/Benders_Decomposition_for_MDP

Dataset for the Benders decomposition-based MDP algorithm

Primary LanguagePythonMIT LicenseMIT

Decomposing Markov Decision Processes: A Novel Solution Method

This archive is distributed under the MIT License.

The source code and data in this repository are a snapshot of the software and data that were used in the research reported on in the manuscript under review Decomposing Markov Decision Processes: A Novel Solution Method by Z. Liu et. al. The data generated for this study are included with the codes.

Cite

To cite this repository, please cite the manuscript.

Below is the BibTex for citing the manuscript.

@article{Liu2021,
  title={Decomposing Markov Decision Processes: A Novel Solution Method},
  author={Liu, Zeyu and Li, Xueping and Khojandi, Anahita},
  journal={Preprint},
  year={2021},
  url={https://www.researchgate.net/publication/353295872_A_Benders_Decomposition_Method_for_Markov_Decision_Processes}
}

Description

The goal of this repository is to solve Markov decision processes (MDP) with the Benders decomposition. Our proposed algorithm, the MDP-Benders algorithm, decomposes the linear programming formulation of MDP into a master problem and multiple subproblems with respect to the states of MDP. Please refer to the manuscript for further details.

The data used in this study contains a randomly generated MDP problem and five other problems from the literature:

  1. A queueing problem [1];
  2. A bandit machine problem [2];
  3. An inventory management problem [3];
  4. A machine maintenance problem [4];
  5. A data transmission problem [5].

Python Prerequisite

The following Python libraries are required to run the source codes:

  1. numpy;
  2. scipy;
  3. pickle;
  4. gurobipy;
  5. mdptoolbox.

Usage

General MDP

Run decomposition() function in the main.py file in the scripts/constrained_MDP folder. Different problems can be set up using the provided variables instance and params. All six problems are available. The following describes the parameters for each problem:

  1. random: params = ( number of states, number of actions );
  2. queue: params = ( length of queue, number of service modes, arrival probability );
  3. bandit: params = ( number of arms, number of states for each arm );
  4. inventory: params = ( inventory capacity );
  5. replace: params = ( number of states of the machine, number of maintenance options );
  6. transmission params = ( number of channels, number of data packages, number of transmission modes ).

MDP with Monotone Optimal Policy

Run decomposition_monotone() function in the main.py file in the scripts/constrained_MDP folder.

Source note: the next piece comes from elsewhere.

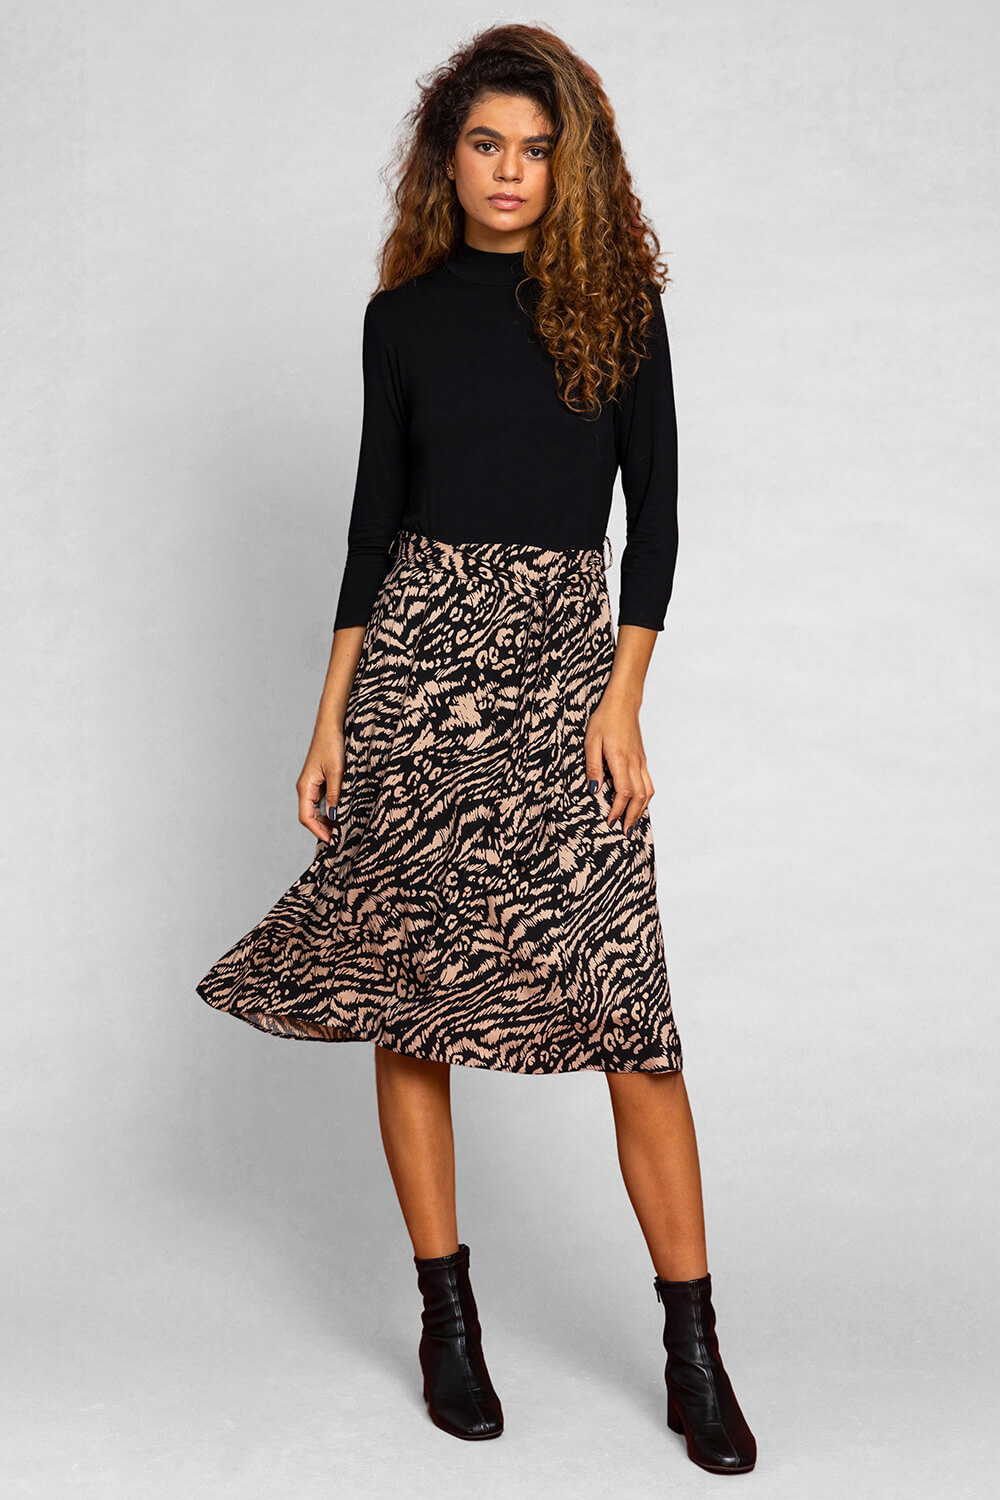 Black Tiger Print Fit And Flare Dress, Image 3 of 5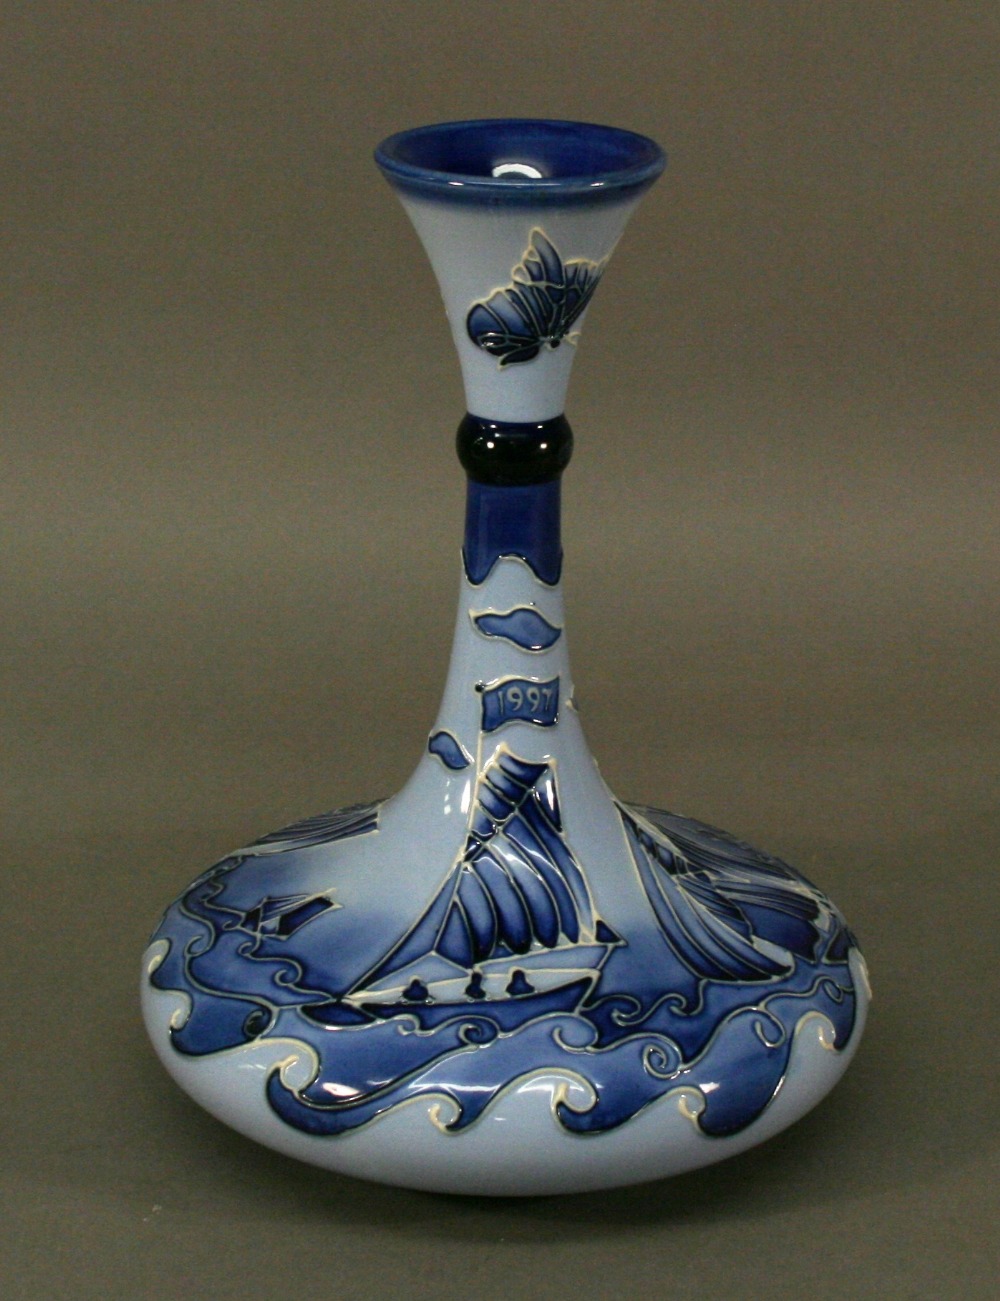 A MOORCROFT POTTERY 'FLORAN YACHT' PATTERN VASE produced for the 1897-1997 centenary, tube-lined

Different problems can be set up using the provided variables instance and params. The queue, maintain and transmit problems are available.

Constrained MDP

Run the main.py file in the scripts/constrained_MDP folder. Different problems can be set up using the provided variables instance and params. All six problems are available.

Support

For support in using this software, submit an issue.

Reference

[1] de Farias DP, Van Roy B (2003) The linear programming approach to approximate dynamic programming. Operations research 51(6):850-865.

[2] Bertsimas D, Misic VV (2016) Decomposable markov decision processes: A fluid optimization approach. Operations Research 64(6):1537-1555.

[3] Lee I, Epelman MA, Romeijn HE, Smith RL (2017) Simplex algorithm for countable-state discounted markov decision processes. Operations Research 65(4):1029-1042.

[4] Puterman ML (2014) Markov decision processes: discrete stochastic dynamic programming (John Wiley & Sons).

[5] Krishnamurthy V (2016) Partially observed Markov decision processes (Cambridge university press).